The role is far less about solving intricate technology problems (although there is that too) and more about being a good influence; convincing the rest of the technical team why a given business problem should be solved with one solution versus another. Of course, there is still a lot of problem-solving in motivating people, and we need to find the right message for each audience while still working towards the key business goals.
What about AI?
It is hard to address topics like this in the year of our lord 2026 without addressing the role of large language models (LLMs) and coding agents. For day to day ticket ICs we are already seeing the change in the job where engineers pair a program with an LLM of choice and ostensibly increase the velocity of their deliverable (the jury is out on this but that’s the hypothesis at least).
What does that mean for senior ICs who live in the land of tradeoffs and strategy and aren’t writing code and deploying it to production daily? So far, my opinion of LLMs as part of my job has evolved to “this is not too far off from when Kubernetes first came out or when even Chef and Puppet came out.” That means that this is yet another cycle of something that changes how we do things but not what the job is.

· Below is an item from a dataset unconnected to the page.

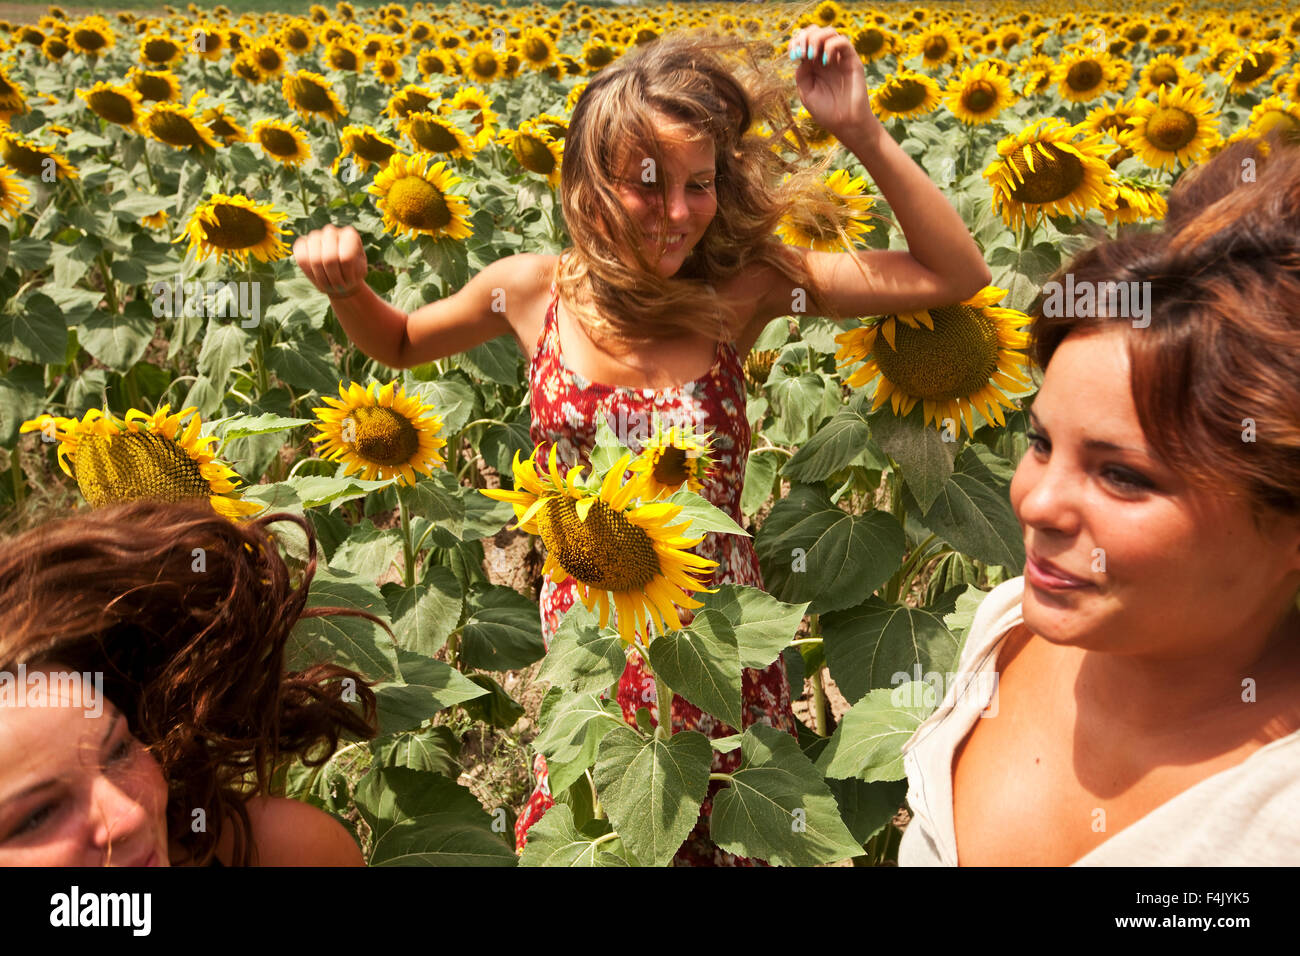 Teenage girls having fun in sunflower field Stock Photo

The outcomes we seek are the same. I very much recommend my peers to use these tools for tedious tasks such as “digging into piles of data” or “creating initial proof of concepts to test a thesis.”
If anything, the explosion of LLM use makes our role as senior technical leaders who ‘have seen some things’ even more important for setting the balance of innovation and safety in our organizations.

New York • September 15-16, 2026
Full LDX3 lineup is here 🙌
What’s next for principal engineers?
I have since moved up the IC ladder to architect and now senior architect. With that came also an expansion of my scope well beyond just data stores. I now have a wider lens to focus on all things reliability for my company.
I still firmly believe in the importance of this dedicated IC ladder the same way I did back in 2019 when I first wrote this. In fact, it has been a positive change to see this become more normalized and invested into.